C’est un rapport de 73 pages qui tire la sonnette d’alarme. Remis ce mercredi 21 mai au ministre de l’Intérieur français Bruno Retailleau – tout juste élu président du parti de droite «Les Républicains» – il décrit l’influence croissante des Frères musulmans et de l’islamisme politique dans le pays, et leur infiltration dans tous les rouages de la République.
Explosif? Oui. La preuve: Emmanuel Macron a demandé aussitôt au gouvernement de formuler de «nouvelles propositions» au vu de la «gravité des faits». Un Conseil de défense dédié se tiendra au début du mois de juin.
Estampillé «secret»
La force de ce document est en effet qu’il s’appuie, outre sur les travaux d’universitaires ou de chercheurs, sur une documentation confidentielle fournie par les services du renseignement intérieur. Il est d’ailleurs estampillé «secret» dans sa version originale, à laquelle les médias n’ont pas eu accès.
Que dit-il? Trois choses déjà connues, mais cette fois beaucoup plus étayées. 1. Les mosquées contrôlées par les Frères musulmans sont de plus en plus nombreuses en France 2. Les établissements scolaires privés sont la cible privilégiée de la confrérie sunnite qui mise sur la jeunesse musulmane 3. La volonté de dissimulation de leurs activités est permanente chez les Frères musulmans, qui se cachent derrière des associations de complaisance.
La France compte environ six millions de musulmans, soit 10% de sa population, la plus importante communauté islamique d’Europe occidentale. Il est donc logique qu’une organisation comme les Frères musulmans, créée en Egypte en 1928 par le Cheikh Hassan Al-Banna – grand-père de Tariq et Hasni Ramadan, citoyens suisses – cherche à s’implanter et qu’elle compte des dizaines de milliers de fidèles. L’élément problématique est que la République française est laïque.
Stratégie de confrontation
Or, selon ce rapport, les Frères musulmans ont développé depuis plusieurs années une stratégie de confrontation permanente avec cette laïcité, en utilisant l’arme de «l’islamophobie», et des outils sociaux comme les réseaux d’approvisionnement en nourriture halal. «Prenant racine dans des quartiers à majorité musulmane généralement paupérisée, le plus souvent territoire d’intervention prioritaire de la politique de la ville, ils répondent à des besoins de la population», note le rapport, longuement cité par «Le Figaro».

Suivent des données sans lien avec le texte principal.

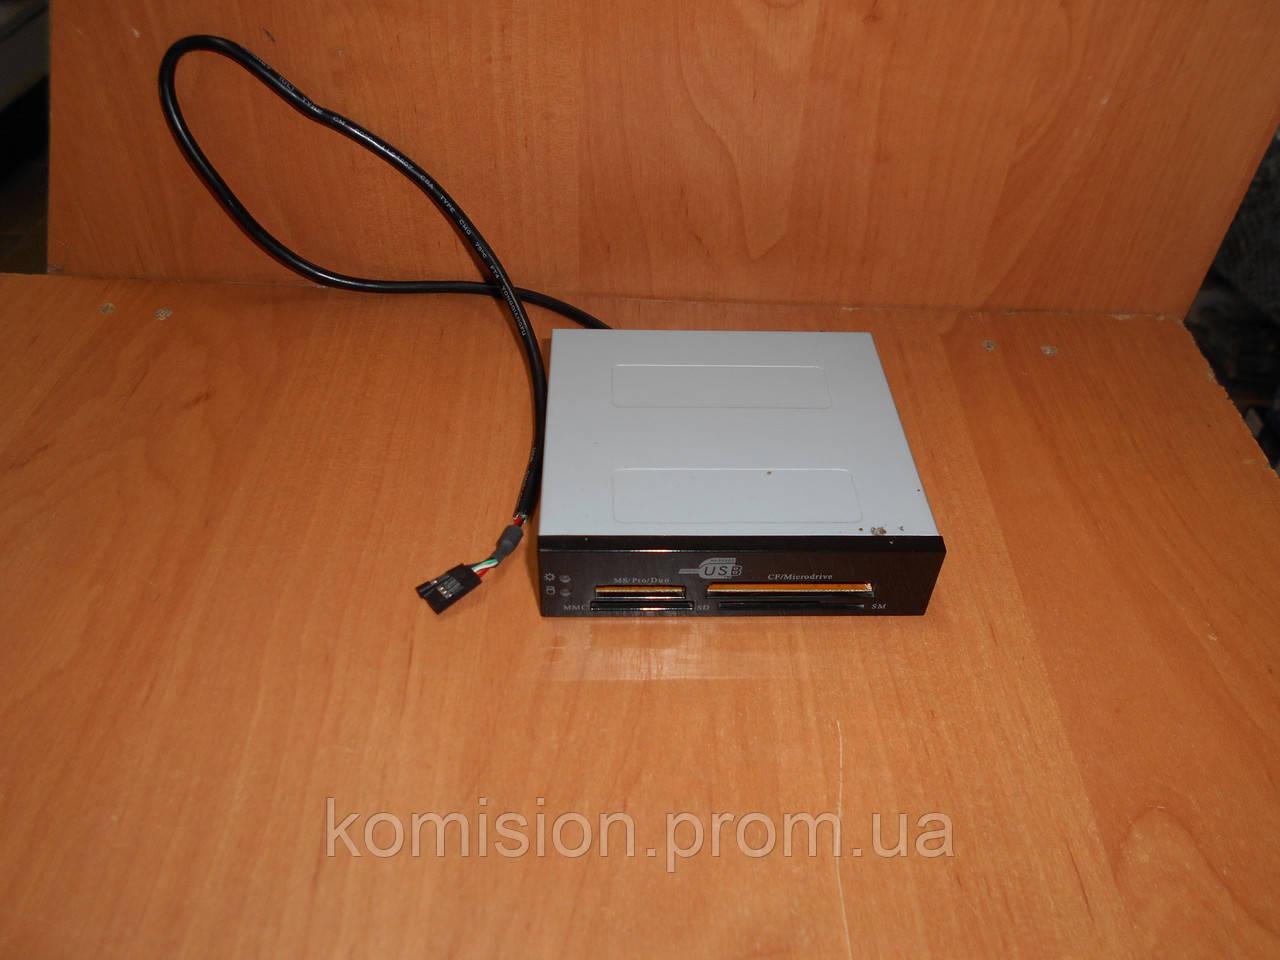 Картридер для компьютера внутренний 2,5

L’élément nouveau de cette enquête fouillée est qu’elle met le doigt sur la volonté d’emprise des Frères musulmans. Leurs associations se révèlent vite être des carcans. Les fidèles se retrouvent embrigadés. Des questions comme le port du voile – réglementé en France depuis la loi de 2004 interdisant les signes religieux ostentatoires à l’école, et celle de 2010 prohibant la dissimulation du visage dans l’espace public – sont instrumentalisées.
L’infiltration humanitaire
«Les religieux influent tous azimuts dans les domaines caritatifs, humanitaire et éducatif», note le document remis au ministère de l’Intérieur. Celui-ci va plus loin: «Des sujets comme la famille, le mariage, l’insertion professionnelle, la protection des consommateurs, le service à la personne, la formation pour adultes» constituent des instruments de pénétration sociale.
Autre point très polémique: l’influence croissante de l’islam rigoriste et fondamentaliste des Frères musulmans ne passe plus en priorité par les prédicateurs masculins. Les jeunes femmes sont une cible de choix. «On constate une rigorisation de la pratique religieuse avec un nombre très élevé de jeunes filles portant l’abaya et l’augmentation visible et massive de petites filles portant le voile», dénonce le rapport selon lequel «l’emprise commence dès l’âge de 5 ou 6 ans».
Le débat sur la présence en France des Frères musulmans a été très vif lors de l’affaire Tariq Ramadan, le prédicateur genevois condamné en appel pour viol à Genève en septembre 2024. Ce dernier sera jugé en France pour des faits similaires en mars 2026. Depuis deux ans, au fil de la guerre à Gaza, les critiques fusent aussi sur le parti de gauche radicale «La France insoumise» (LFI) accusé de miser sur l’islamisme politique, dont son chef Jean-Luc Mélenchon espère tirer profit.